Work required
Go to the line in the entries below that holds "Purple ribbon bow" and repeat exactly from there through the line that holds "MASTERVERSE DELUXE TRAPJAW", inclusive.

Records provided
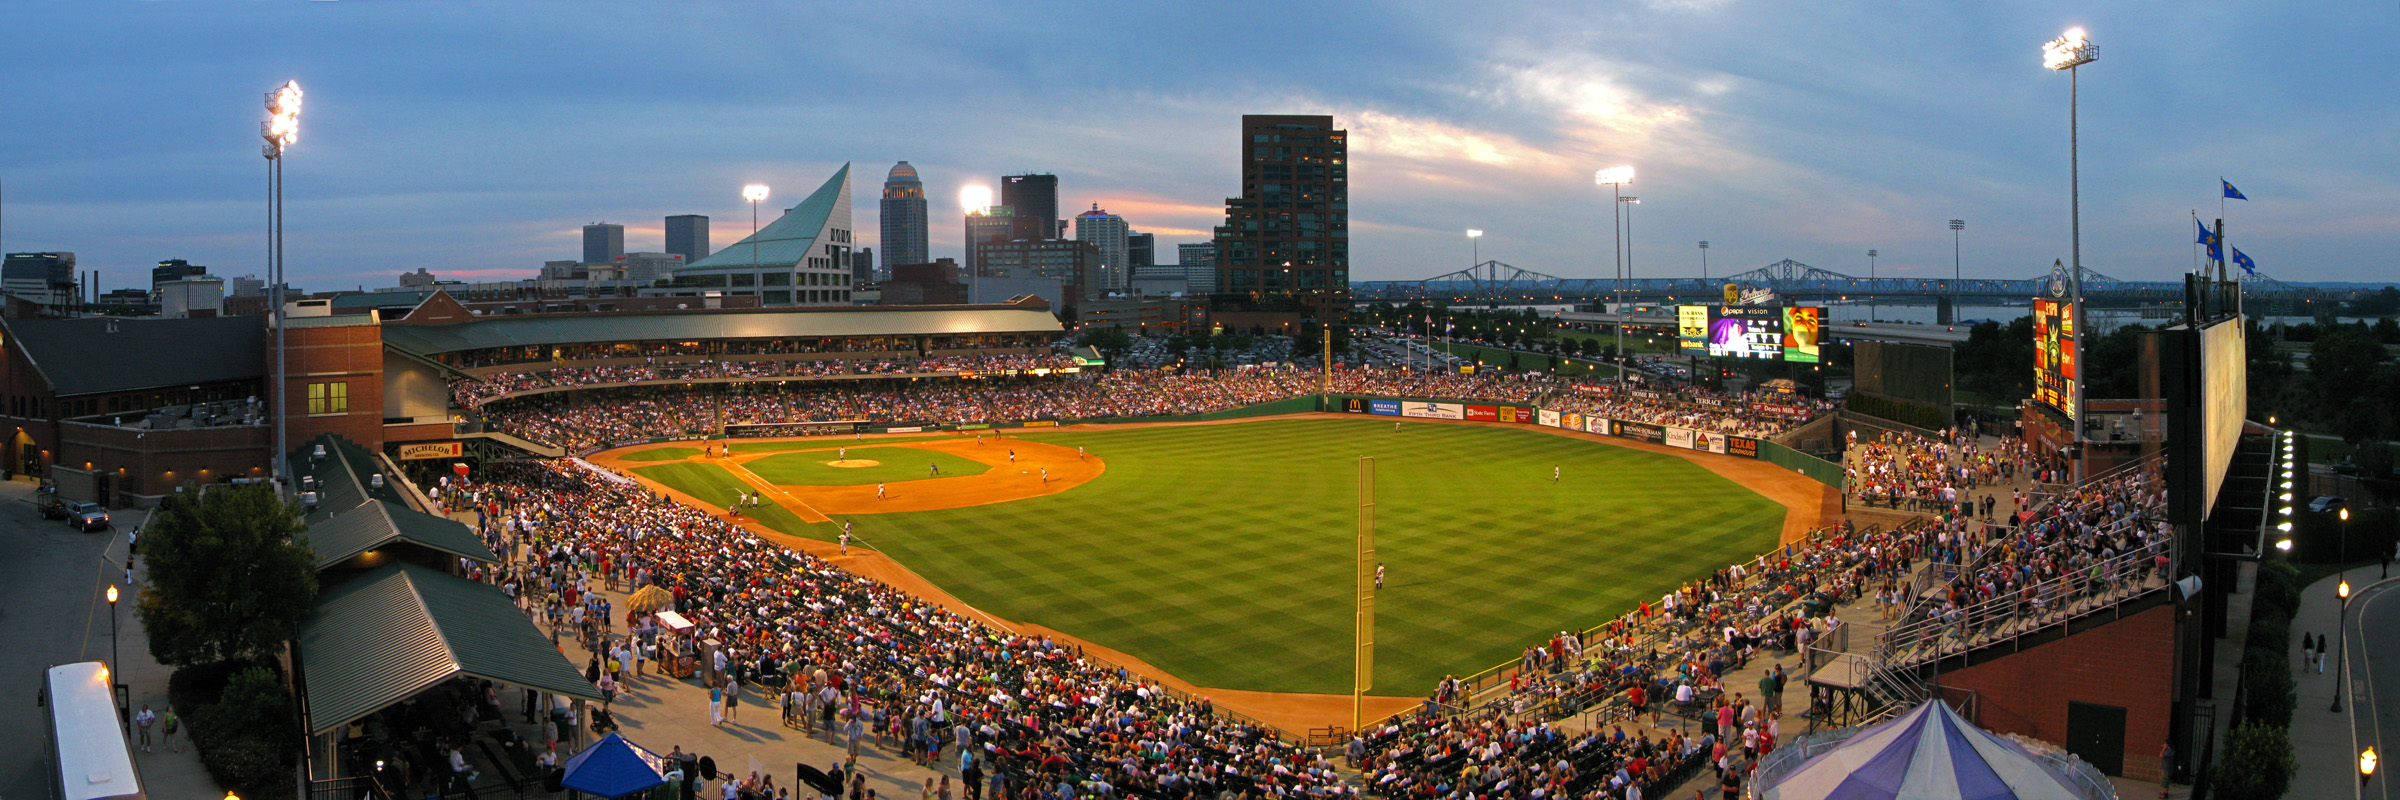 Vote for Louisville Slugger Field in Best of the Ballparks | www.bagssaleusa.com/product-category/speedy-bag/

--

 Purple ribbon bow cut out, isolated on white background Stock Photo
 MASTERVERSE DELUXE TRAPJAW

Task response
 Purple ribbon bow cut out, isolated on white background Stock Photo
 MASTERVERSE DELUXE TRAPJAW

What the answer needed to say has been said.